Neuroglycopenia can cause social embarrassment, and even lead to ostracism or be mistaken for disorderly or unlawful behavior. The more distressing the severe hypoglycemic episode, the greater the psychological fear of hypoglycemia. The threat and fear of severe hypoglycemia can significantly discourage patients and health care providers from pursuing intensive insulin therapy and can therefore be a major but unrecognized impediment to achieving euglycemia. Pramming et al. found that their patients were as concerned about the development of severe hypoglycemia as they were about the development of blindness or renal failure.

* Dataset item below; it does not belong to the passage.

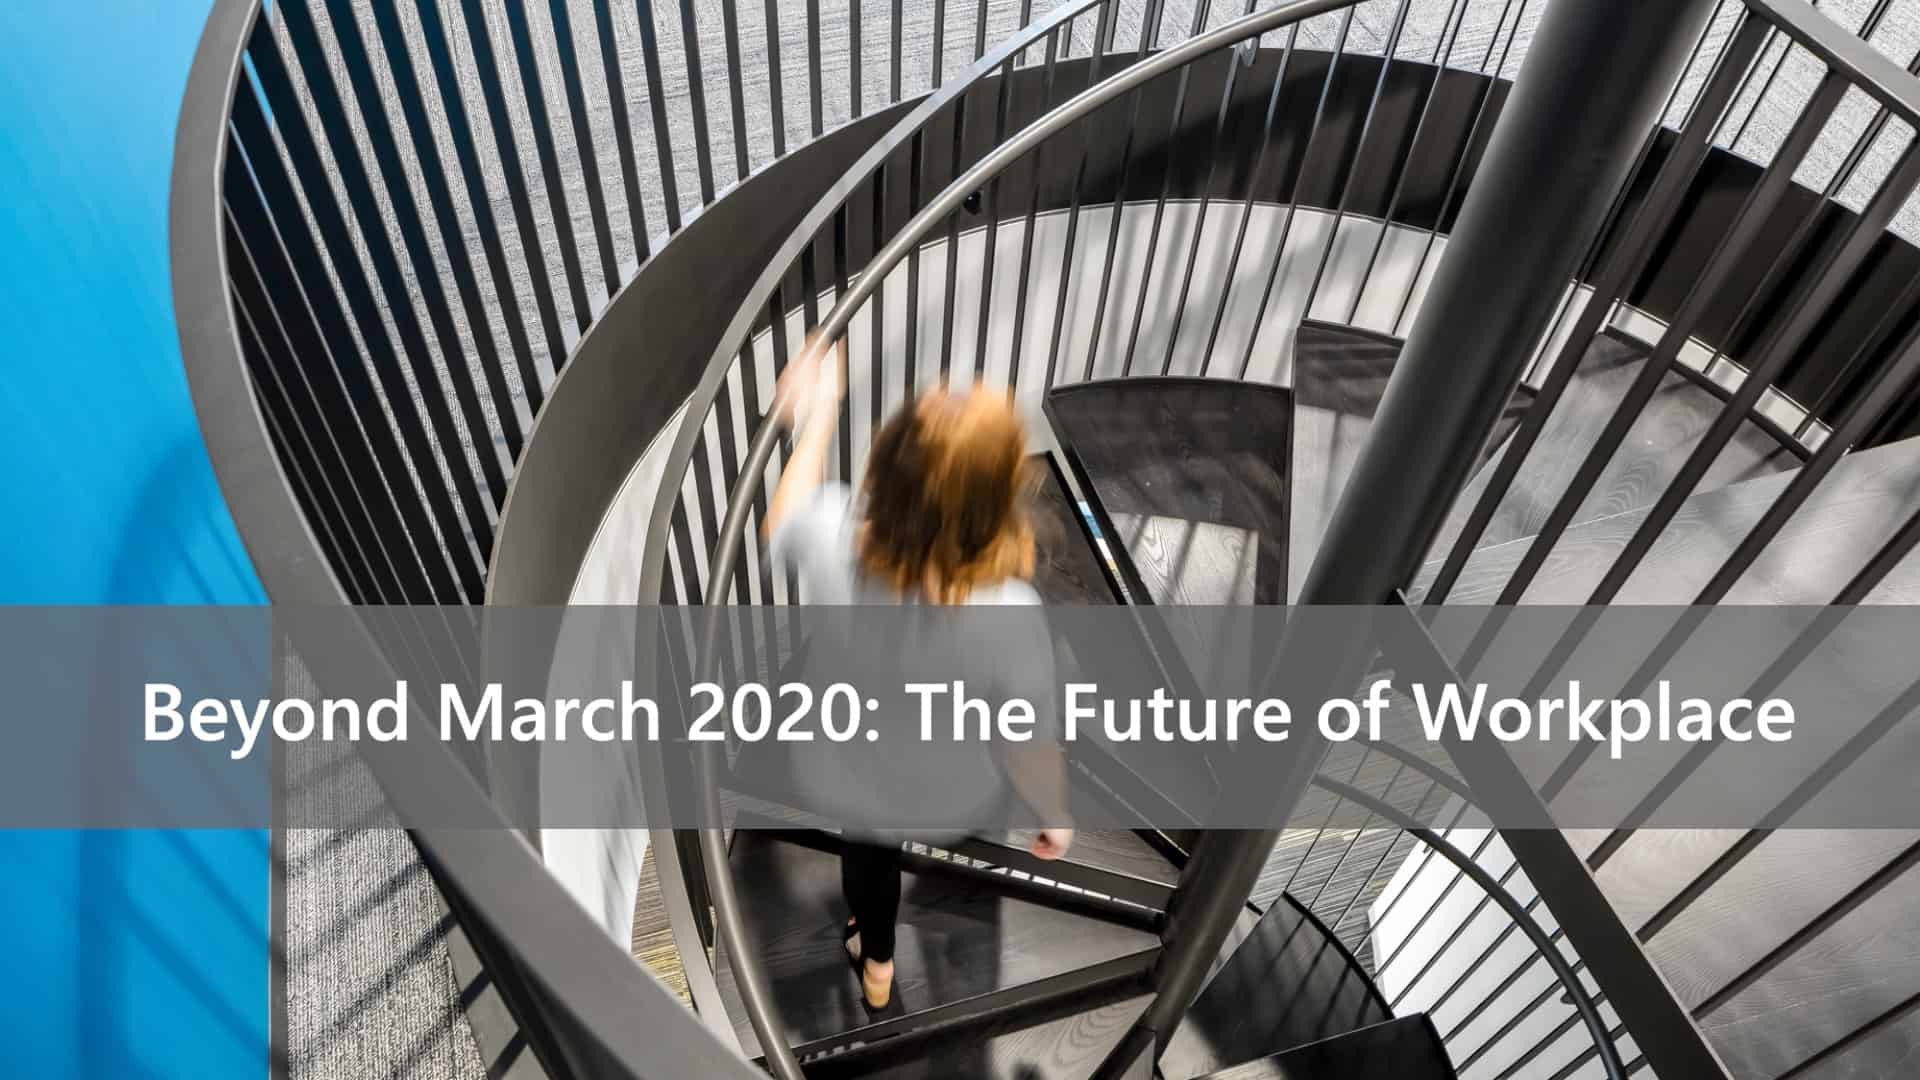 Beyond March 2020: A Workplace Reshaped by COVID-19

Ryan et al. documented the absence of episodes of severe hypoglycemia in 12 successful islet transplant recipients (median follow-up, 10.2 months) 8 whose diabetes was complicated by recurrent episodes of severe hypoglycemia pretransplant. This would suggest that hypoglycemia associated autonomic failure associated with defective counterregulation and impaired sympathodrenal responses is not just due to recurrent hypoglycemia. After a sustained period without any hypoglycemia most patients post islet transplant still had defective responses to hypoglycemia. The absence of clinically significant hypoglycemia post islet transplant despite the persistent defect in counterregulation in most subjects demonstrates the dominance of the absence of glucose regulated insulin secretion in the pathogenesis of severe hypoglycemia. Correction of this can only currently be attained with transplantation of beta cell tissue.